PANAMA CITY (Reuters) - The United States on Monday extradited former Panamanian president Ricardo Martinelli to the Central American country, the U.S. State Department said, to face charges of illegal wiretapping.
Martinelli, a 66-year-old supermarket tycoon, was arrested in June 2017 in Miami after Panama requested his extradition on charges that he had used public money to spy on more than 150 political rivals during his 2009-2014 administration.
Martinelli has maintained his innocence and said he is a victim of political persecution by current president Juan Carlos Varela, who previously served as his vice president.

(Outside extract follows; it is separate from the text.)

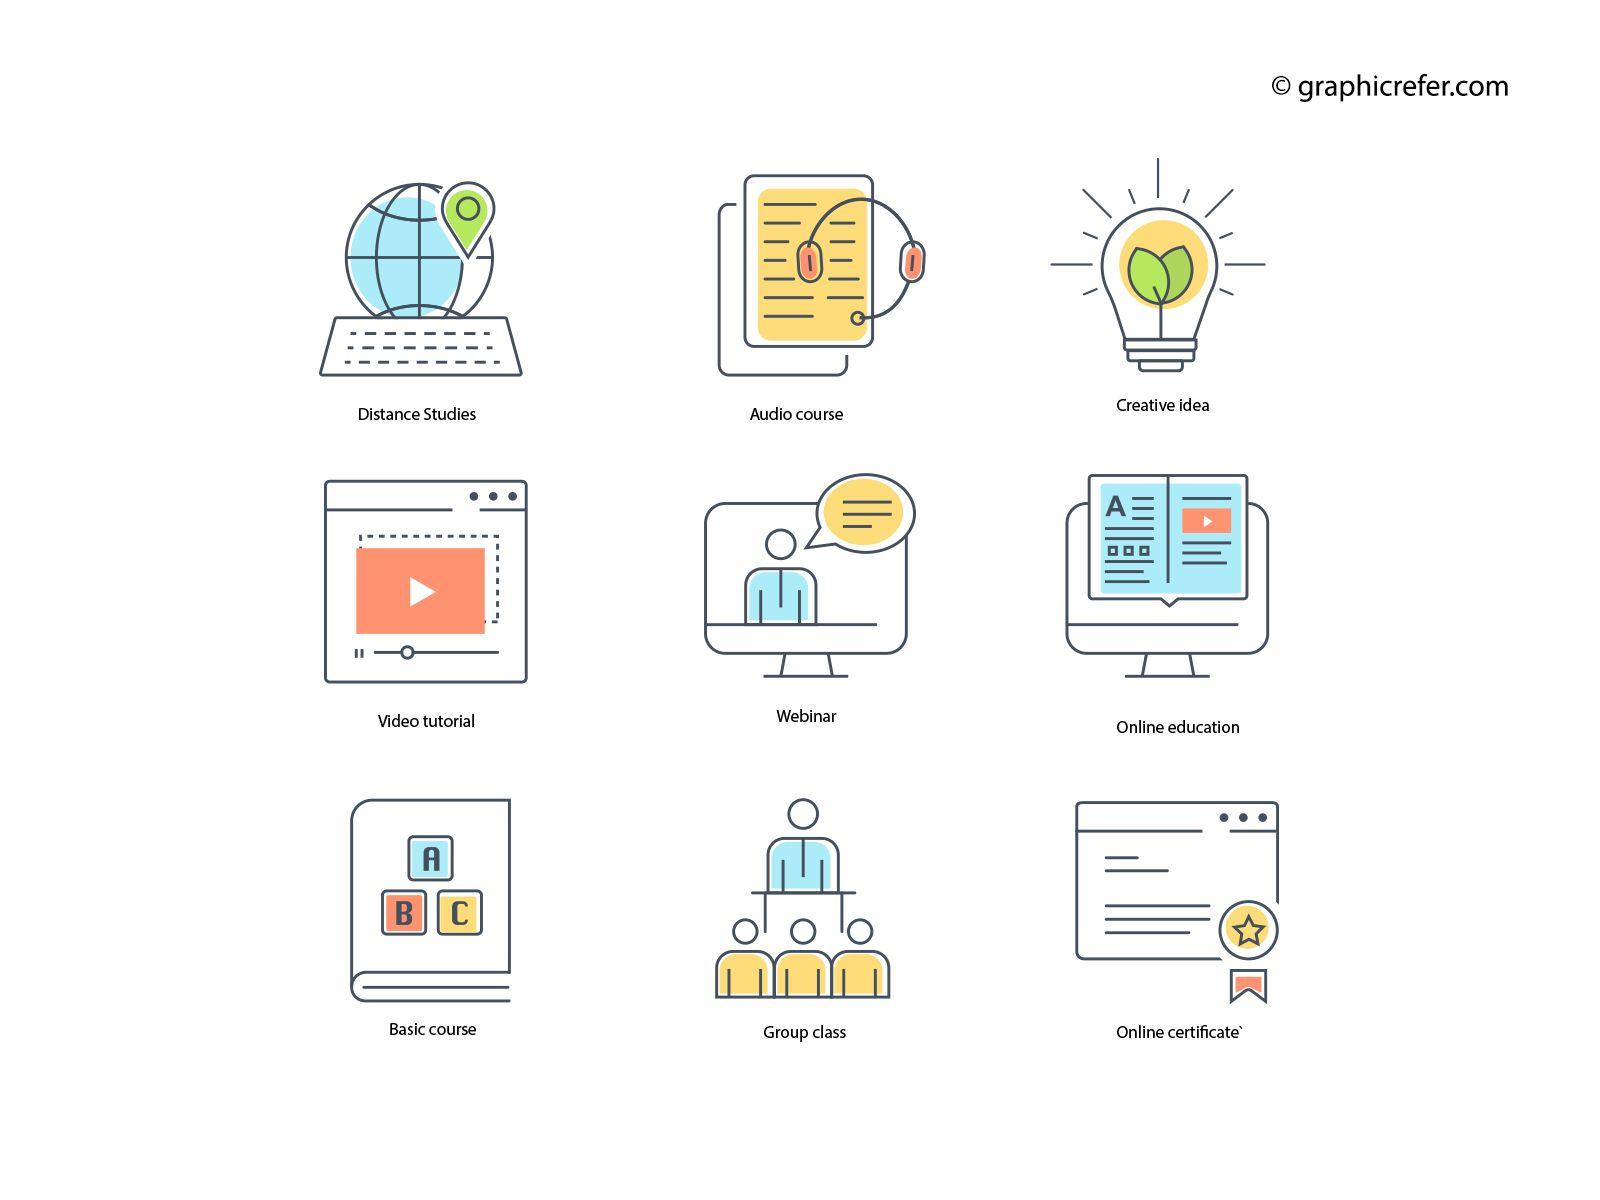 Free Online Course Icons Education Icon Set Education Icon

Panamanian authorities said Martinelli was extradited at 8:44 a.m. (1344 GMT). They did not give details of his arrival, but dozens of Martinelli’s supporters gathered at the Tocumen international airport, waving flags of the political party the former president founded, local television footage showed.
Panamanian authorities said Martinelli will be held at the Renacer prison outside Panama City.
In a hearing after arriving in Panama, a judge refused to grant Martinelli’s request to avoid prison while he awaits trial, but said he would be given a medical test to determine his health.
During the hearing, Martinelli said he had serious heart problems, depression and possibly prostate cancer, which meant he should spend the time awaiting trial in a private hospital.
Martinelli attorney Roniel Ortiz did not immediately respond to a request for comment.
Deputy foreign minister Luis Hincapie said Panama had also asked the United States to extradite Martinelli’s sons, Ricardo and Luis.
Panamanian prosecutors in November accused the two of receiving $49 million from Brazilian construction firm Odebrecht while their father was president. Last year, Odebrecht agreed to pay $220 million in fines to Panama and to co-operate with probes into bribes paid to Panamanian officials.
Hincapie told Panamanian television the extradition request for Martinelli’s sons was sent “some weeks ago.”